Unless it shoots beanbags....

The boy 4rm oz
09-22-2008, 08:51 AM
Beanbags can still be lethal. Hit someone in the temple and they will never get up again.

Xpirate
09-22-2008, 10:10 AM
They should definitely hide somewhere and not return to the house if he gets bail.

I would not use non-lethal anything to try and stop him. In my experience, dishing out non-lethal pain only makes someone like that more brutal when they finally get you. The best thing to do is hide if you are uncomfortable protecting yourself with your own deadly force.

The boy 4rm oz
09-22-2008, 10:33 AM
Xpirate is right, hurting them only makes them angrier.

NightrainSrt4
09-22-2008, 10:38 AM
Thanks guys.

The beanbag comments literally were the first thing I've laughed about since Friday. Just picturing someone getting pummeled with bean bags is quite the cause for laughter. "Oh noes, bEaNbAgS!! ... *takes one to the temple* ffftink ... out" lmfao.

I'm going to try and get them to move somewhere else. I think my mother will be reluctant because the apartment they have is like based on her income, so its affordable, and she works at the hospital there, but I am going to try nonetheless.

I don't think I have to worry too much at the moment, as he doesn't know where I live. But... he has tracked my mom down before when they moved away like 8 years ago. He has a way with those sneaky type of things. Have to see what happens with bail I guess.

FuzzyPlushroom
09-22-2008, 08:36 PM
Wow, that's friggin' terrible. Praying here that your mum doesn't end up bailing him out after all... if he's locked up it'll give her and your brother more time to find somewhere else to live.
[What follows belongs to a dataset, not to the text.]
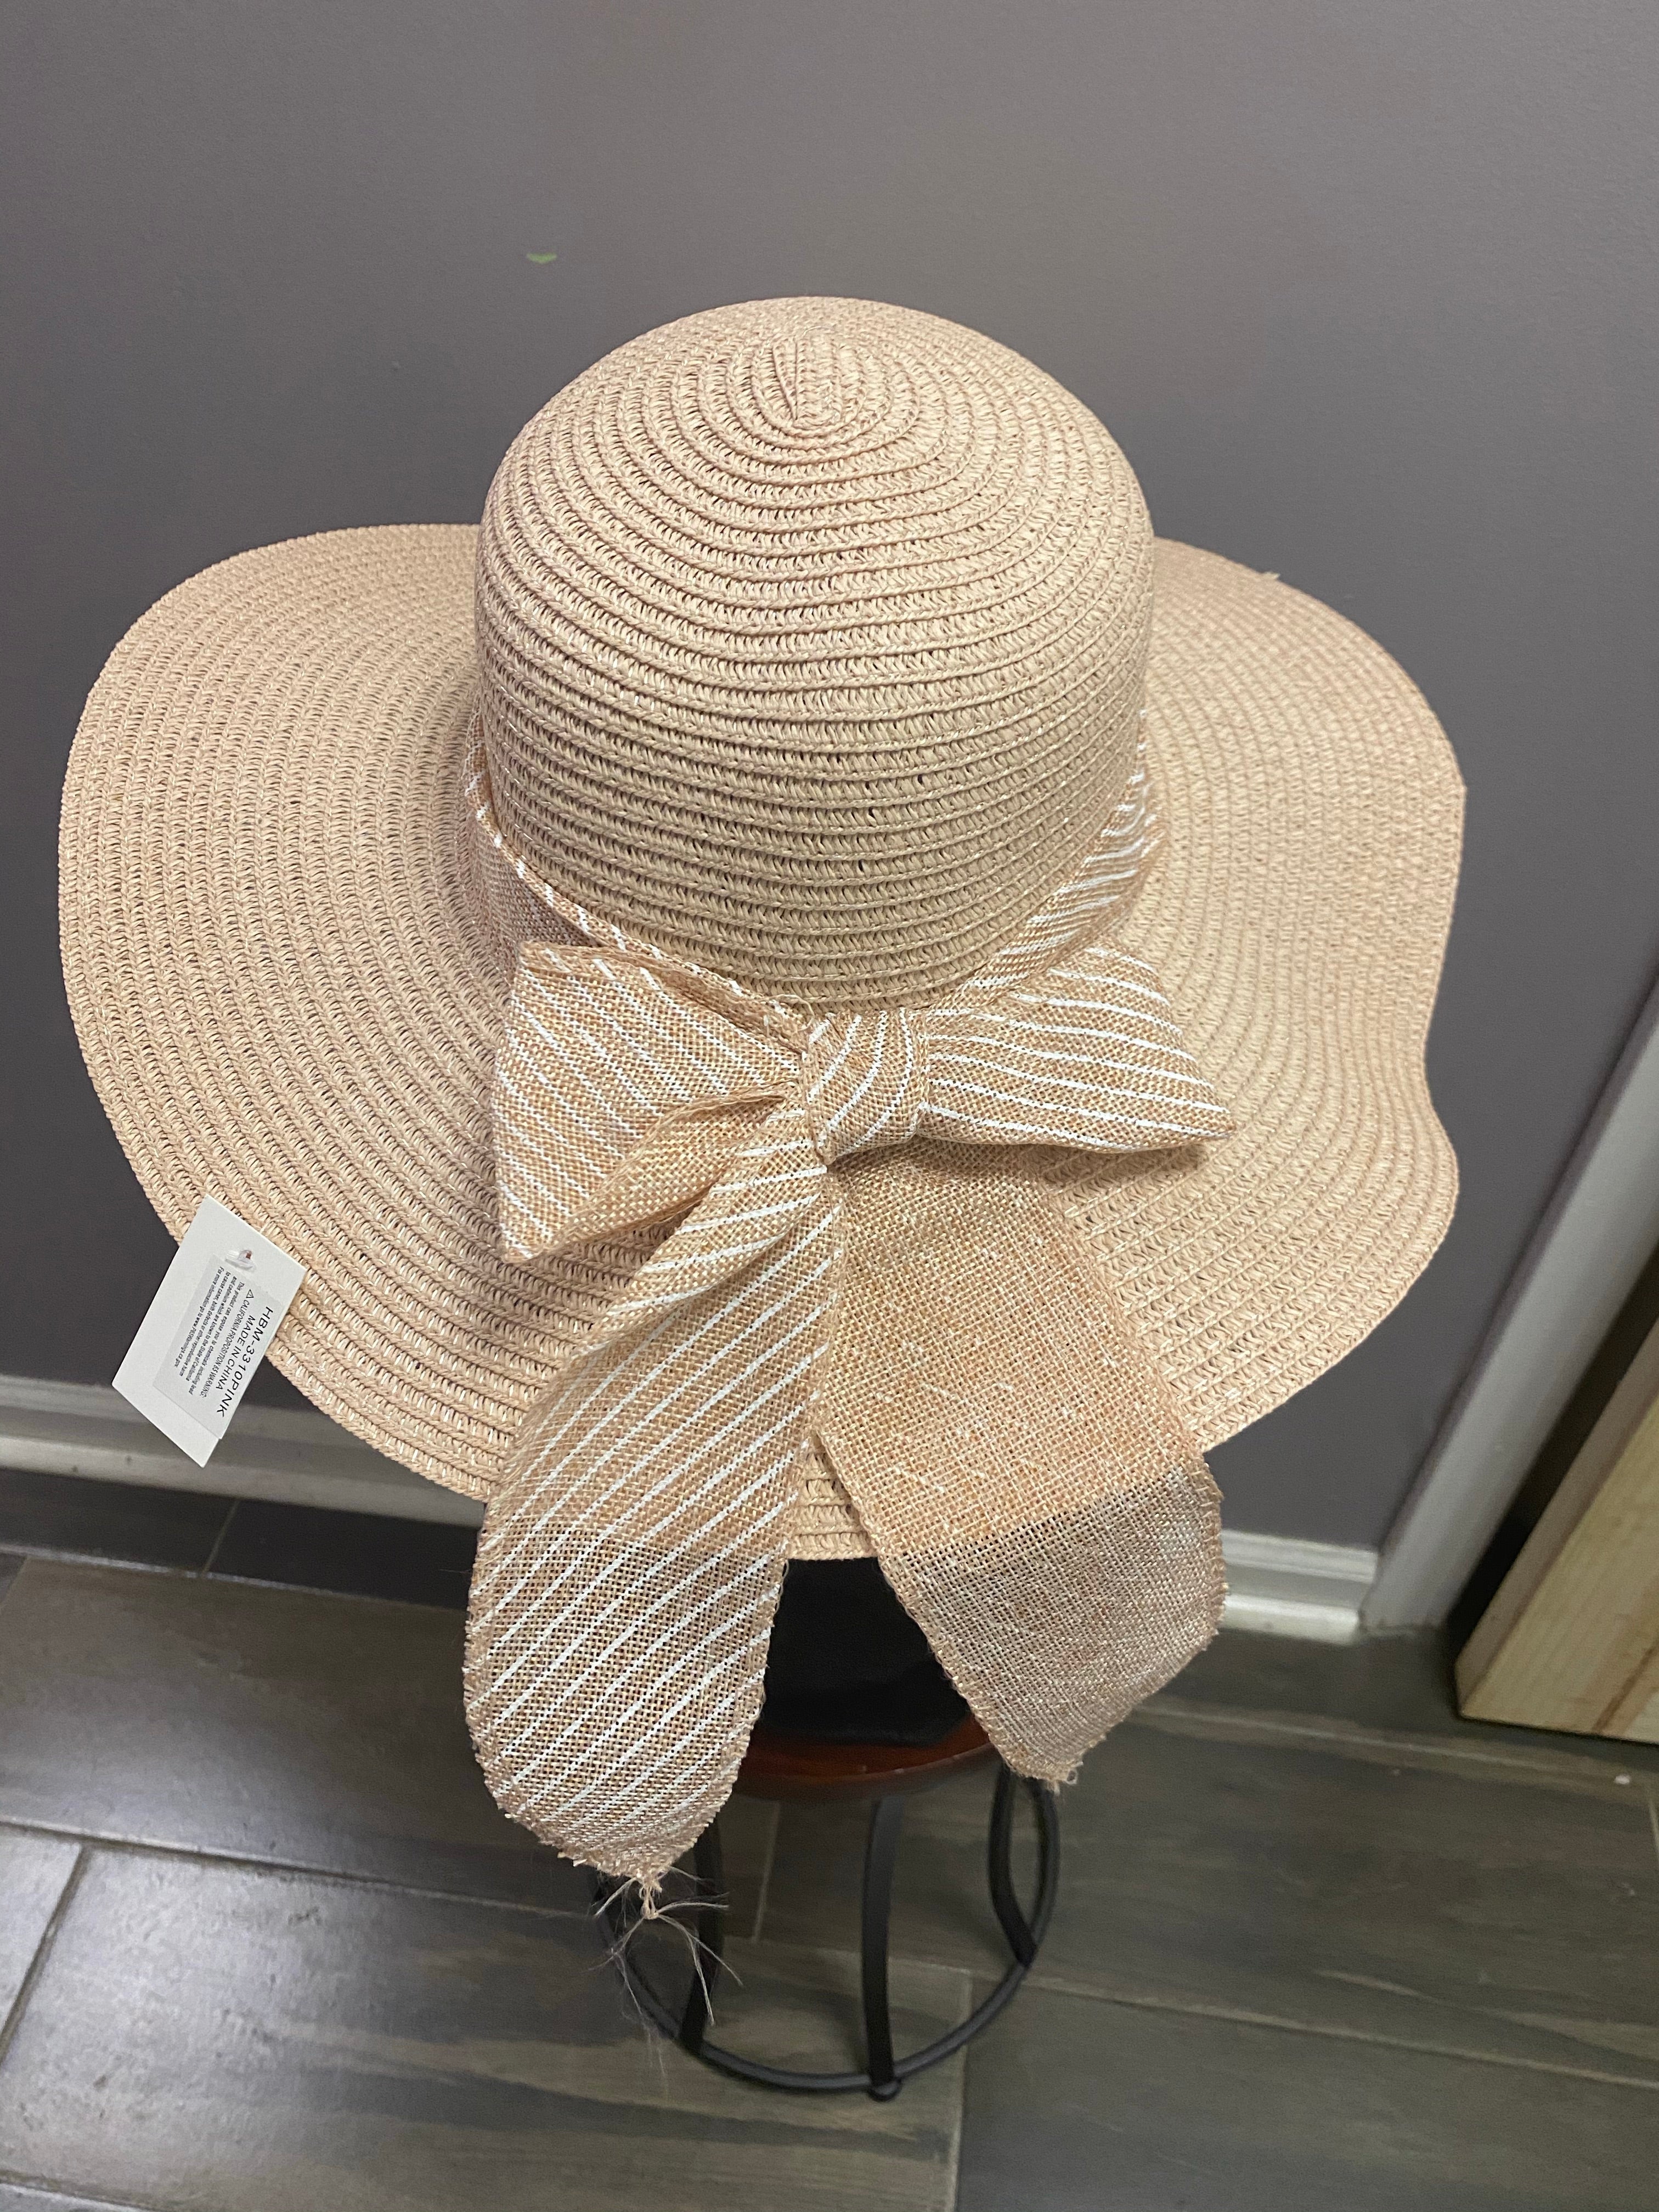 Southern Belle Straw Hat

I'm actually not too far from there - about 15 minutes from the Mass. border, at the other end of the state - so if they can get down here, they could probably stay for a few nights until they found other accommodations. Assuming your father isn't likely to follow, that is... I'm not a big fan of angry men with knives.

Xtrykr
09-22-2008, 08:53 PM
Geez, that is horrific, I'm glad you got one of your brother's safe and hopefully your other brother and mother will be able to find a place far far away from you father. If anything, it is nice that the family without your father is going to be tighter than ever, and with your leadership, maybe it will pave way for a new life for your whole family.

killergamer
09-22-2008, 10:43 PM
If I could I would suggest a safe haven in the city your family lives in it should cost what it cost at the apartments and its safe (usaly they can get the cops there in a matter of a few mins ares is a few blocks away from the police station.) This would be your best bet I would look into it for them. Also she needs to get a restrain order against him to keep him away from your family if she even that he is around she can call the cops for a reason and she will have help. Another suggestion is that she moves to another city and use a safe haven there. Any ways I wish the best of luck to you and your mom and brother.

Durrthock
09-22-2008, 11:22 PM
Holy **** this is in berlin, I live in littleton..... I didn't hear anything about this.

crenn
09-22-2008, 11:55 PM
Wait... there is a Berlin in the US?!

The boy 4rm oz
09-23-2008, 04:19 AM
The invasion has begun lol.

DonT-FeaR
09-23-2008, 04:20 AM
http://es.youtube.com/watch?v=KXStaFu8RFU


aim for the chest and they WILL NOT get up for a while..

then ya run like sh*t

NightrainSrt4
09-23-2008, 11:24 AM
Thanks guys.

To clarify, its not my mother who wants to bail him out, but my father's mother. She's apparently just as psycho. I understand the whole mother/son bond, but if your son tries to murder 2 people, and was calling/wanting for more, prob not the best person to try to get bail money for. Ya DUI or something...but attempted murder is quite out of the bounds of just making a stupid mistake.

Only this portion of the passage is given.